The Problem: The standard Simulation Lemma gives a bound of the form: \[ \bigl| J_{\hat M}(\pi) - J_M(\pi) \bigr| \le \frac{\gamma}{(1-\gamma)^2} \sup_{x,a} \lVert \hat P - P \rVert \] For \(\gamma \approx 0.99\) (e.g., \(100\) Hz control), the coefficient \((1-\gamma)^{-2} \approx 10000\). The bound is astronomically loose and predicts zero transfer.
Mathematical Frontier: Identify structural properties of the closed-loop operator \(T^\pi_M\) that collapse the effective horizon. If the policy induces geometric ergodicity or the system is incrementally strictly dissipative, the sensitivity should decouple from \((1-\gamma)^{-1}\): \[ \lVert V^\pi_{\hat M} - V^\pi_M \rVert \le C(\pi) \sup_{x,a} d(\hat P, P) \quad \text{where } C(\pi) \ll \frac{1}{(1-\gamma)^2} \] Challenge: Characterize the function class of \(C(\pi)\) for underactuated, contact-rich robotics.
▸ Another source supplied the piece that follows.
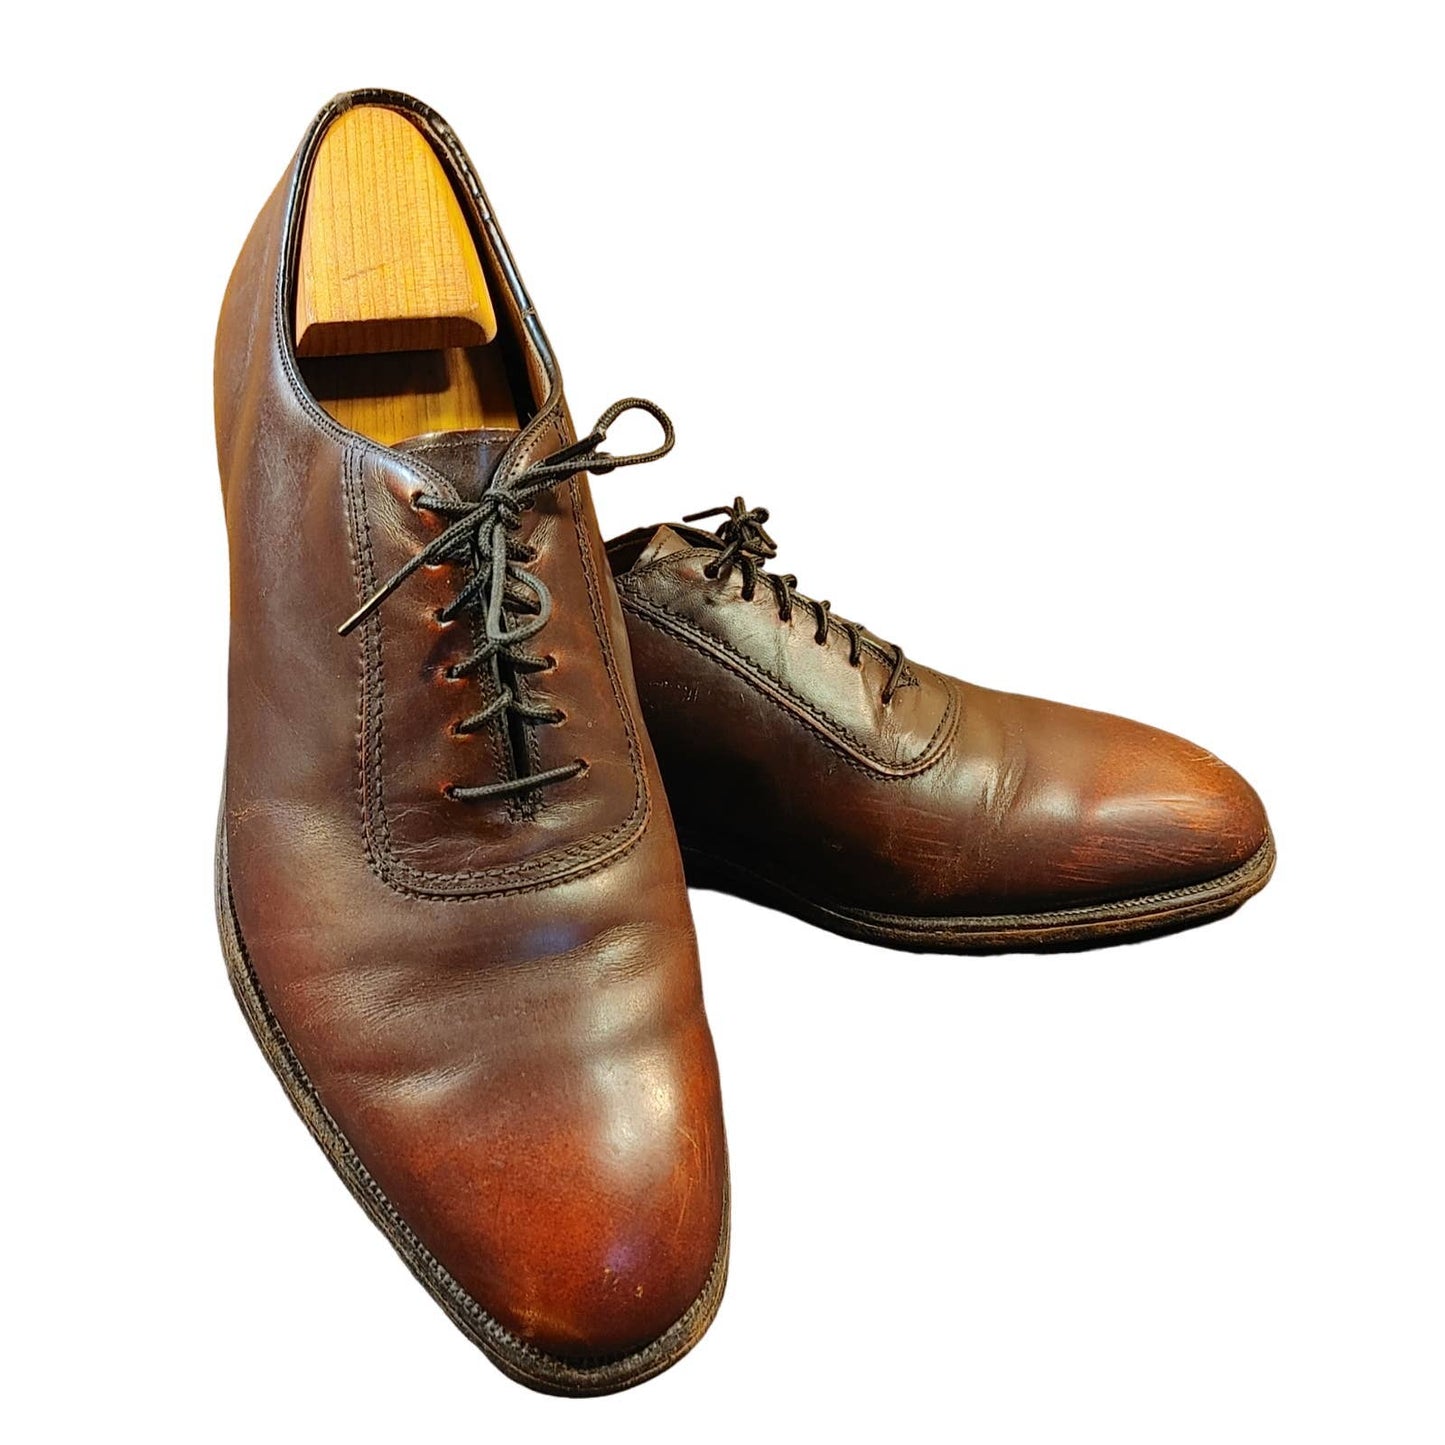 President's pair! Johnston & Murphy Blucher Brown Shoes 10.5 D? Free shipping!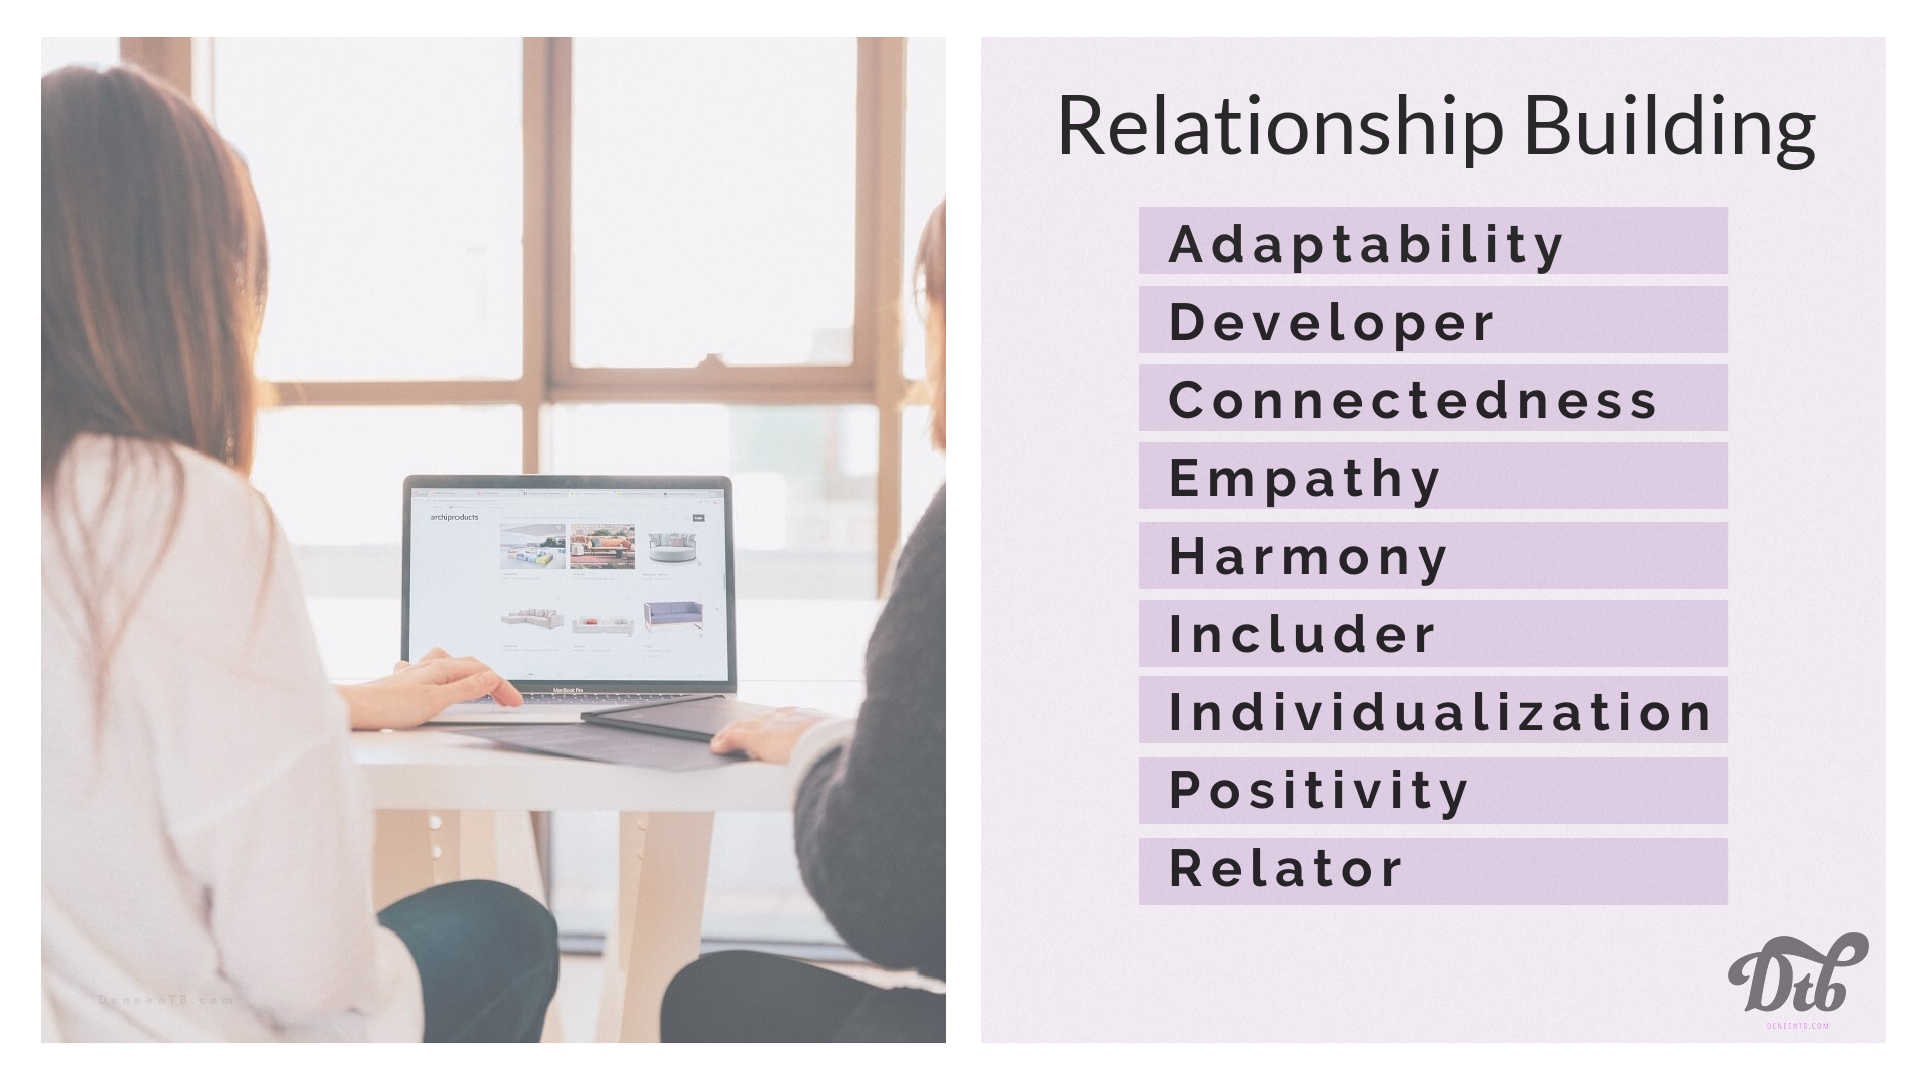 A list of relationship building characteristics

The Problem: For continuous control bounds, we rely on \(P_\xi\) being Lipschitz in \(W_1\) with respect to domain parameters \(\xi\). However, rigid-body contact models cause discontinuous state jumps at impact: \[ \lim_{\epsilon \to 0} W_1\bigl( P_{\xi}(\cdot \mid x,a), P_{\xi+\epsilon}(\cdot \mid x,a) \bigr) \not\to 0 \] A tiny parameter error \(\epsilon\) shifts the time of impact by \(\delta t\), throwing the trajectory into an orthogonal mode.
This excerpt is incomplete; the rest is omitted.